#### What is required:
Without including any pictures, write out the listing below exactly.

#### Dataset content:
[Start of section]

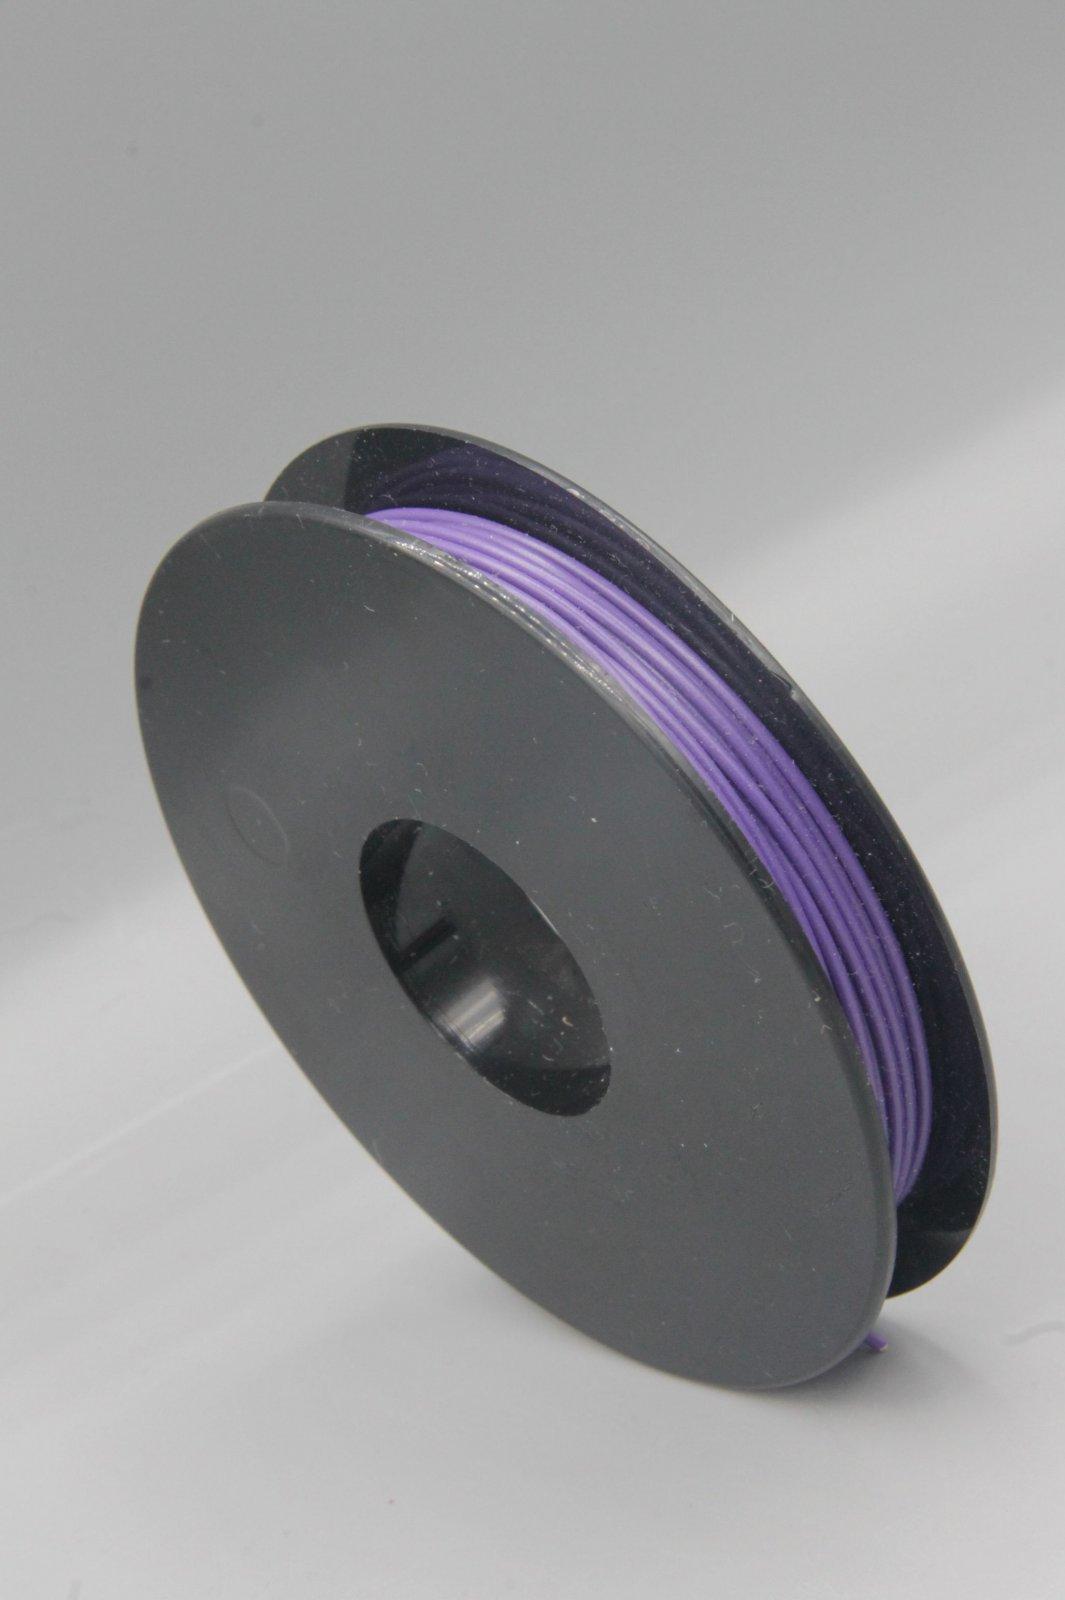 25 m Spule LIYV Kabel Litze flexibel  violett 0,25 mm² Kupferlitze Kabel
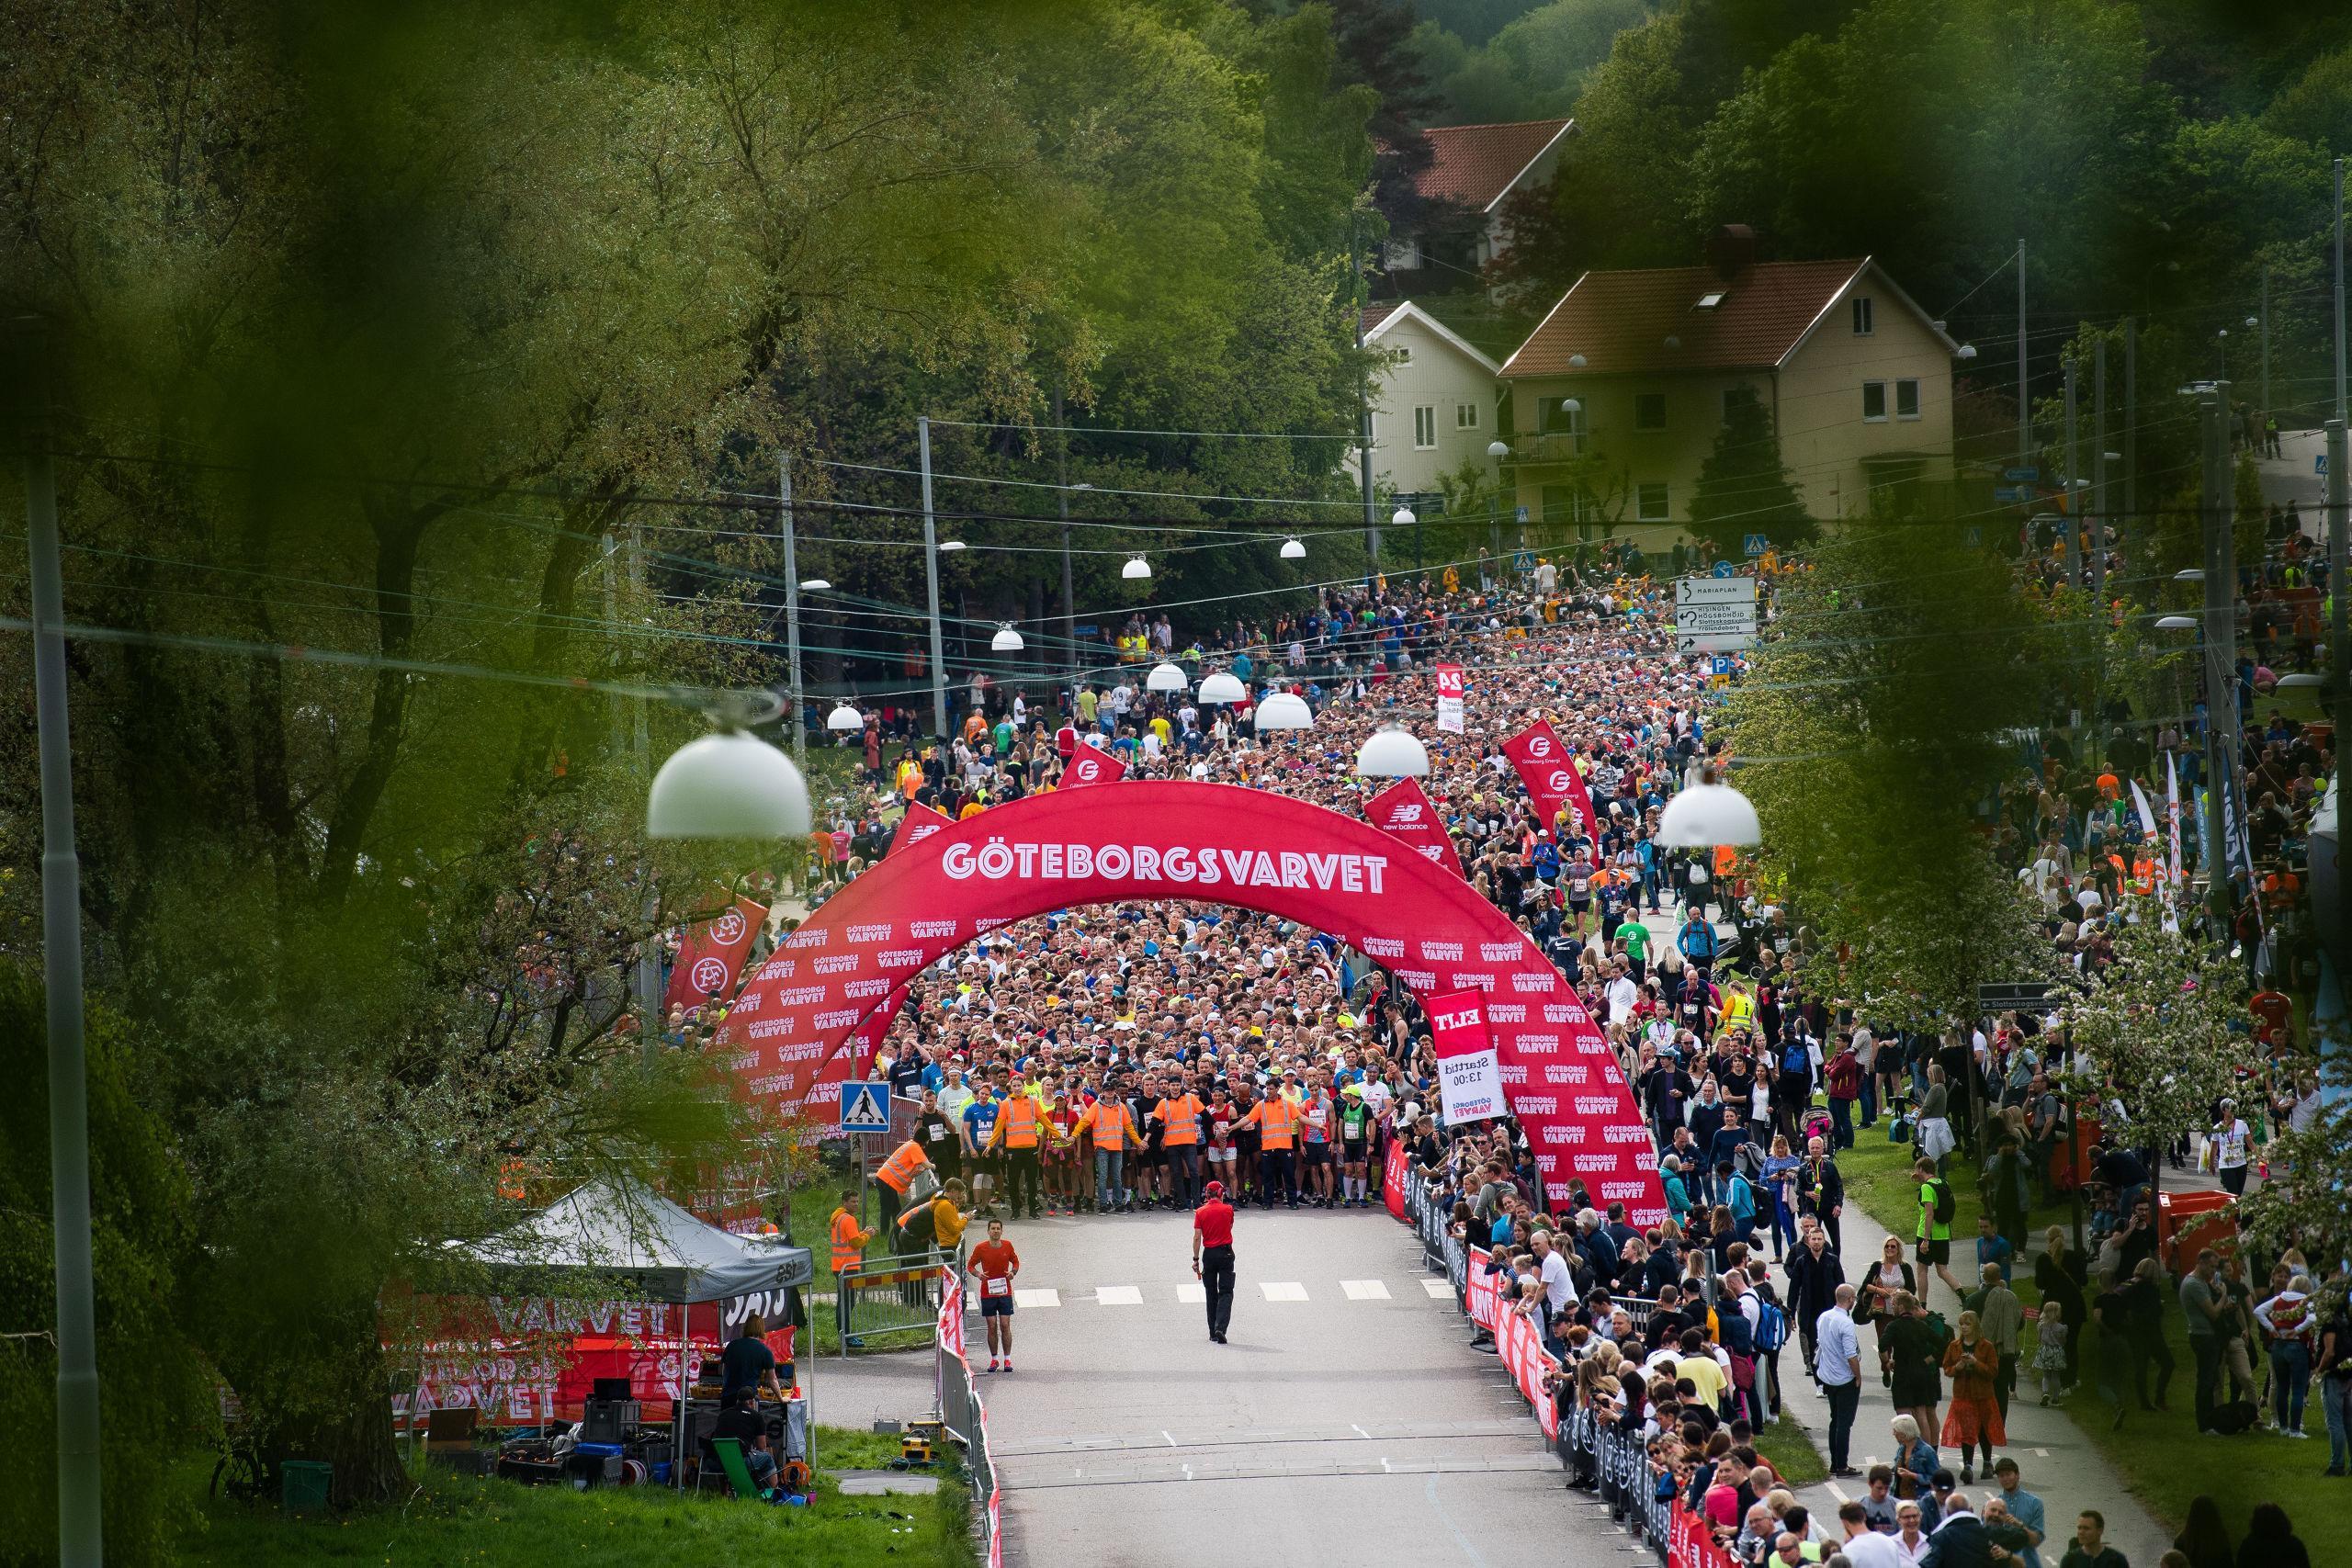 Göteborgsvarvets besked: Avvaktar beslut
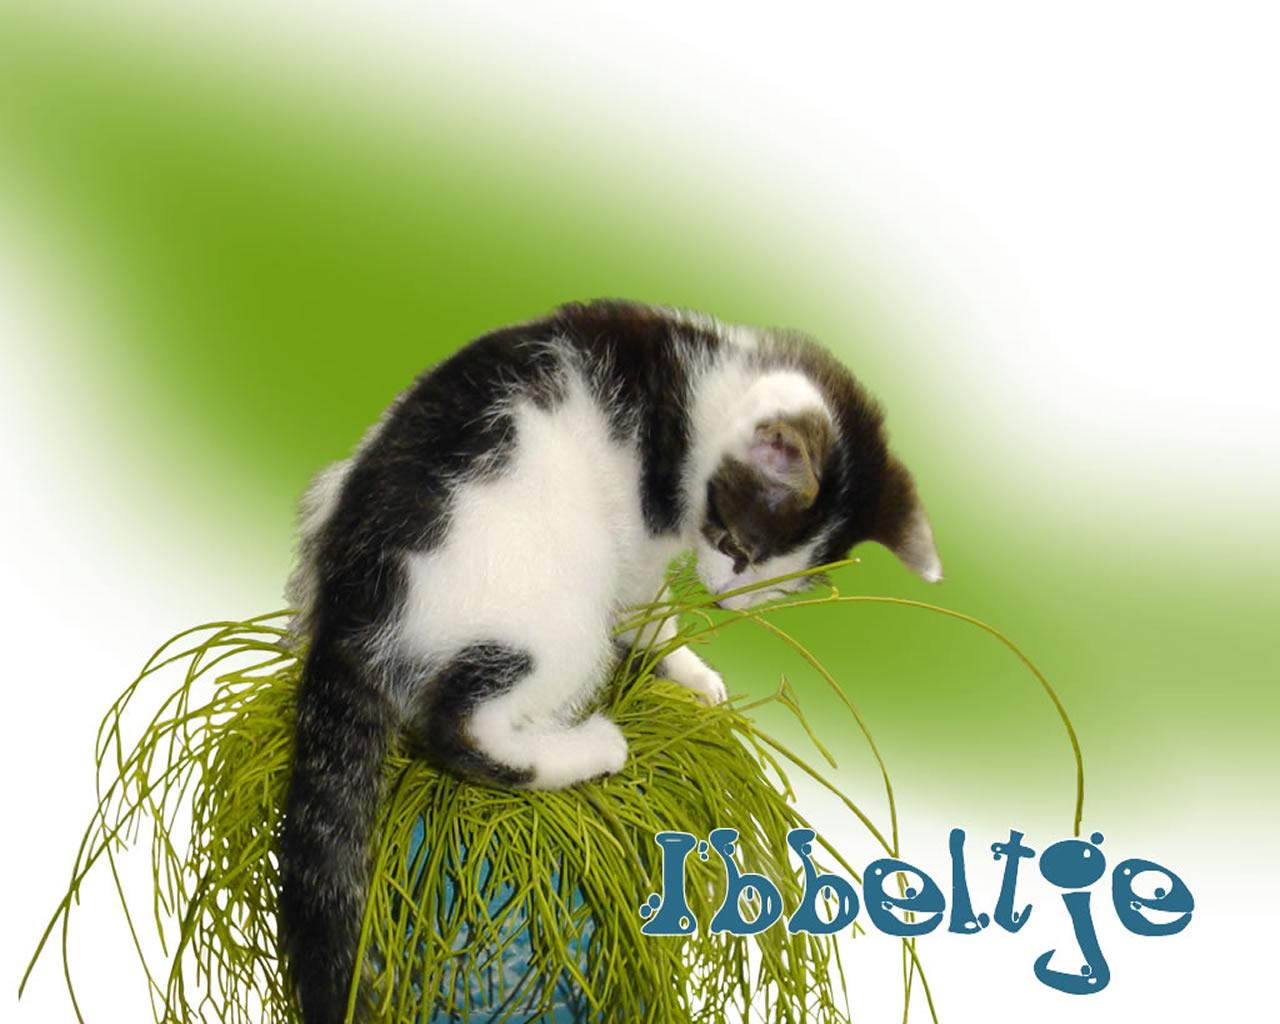 download wallpaper: Ibbeltje is een stoute kat wallpaper
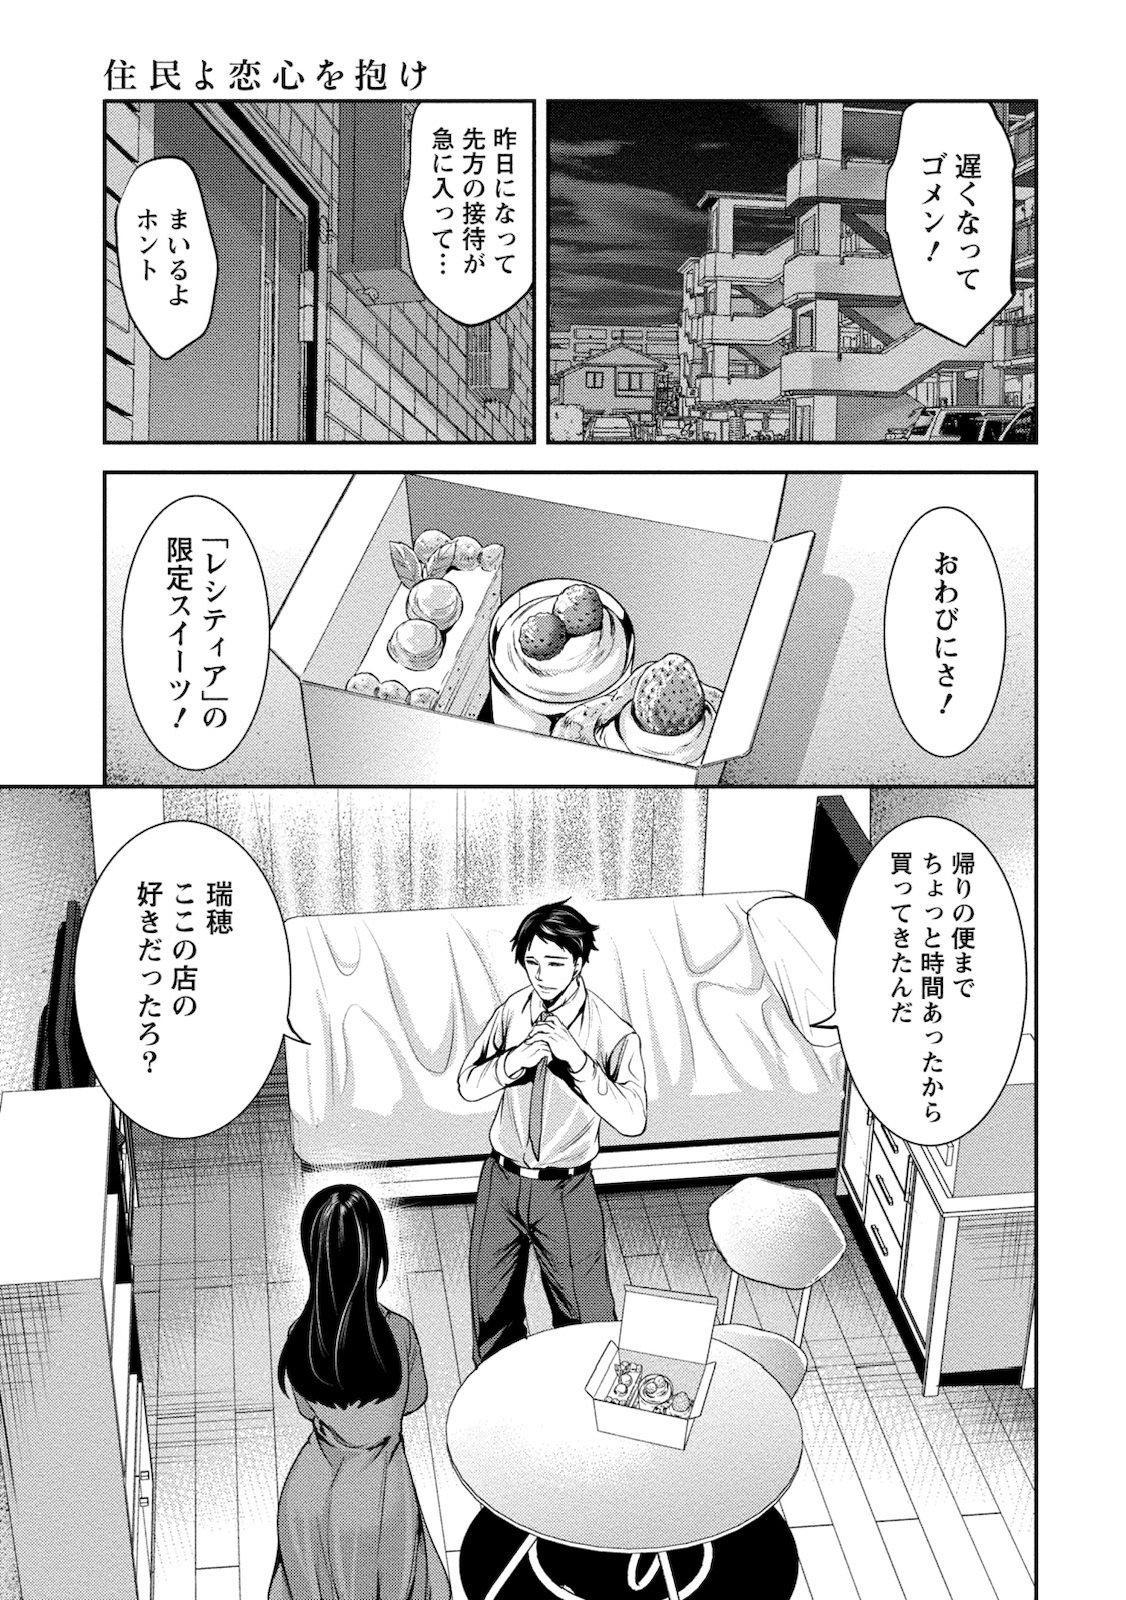 Juumin yo Koigokoro o Idake 2 68

[End of section]

#### Response for this exercise:
 25 m Spule LIYV Kabel Litze flexibel  violett 0,25 mm² Kupferlitze Kabel
 Göteborgsvarvets besked: Avvaktar beslut
 download wallpaper: Ibbeltje is een stoute kat wallpaper
 Juumin yo Koigokoro o Idake 2 68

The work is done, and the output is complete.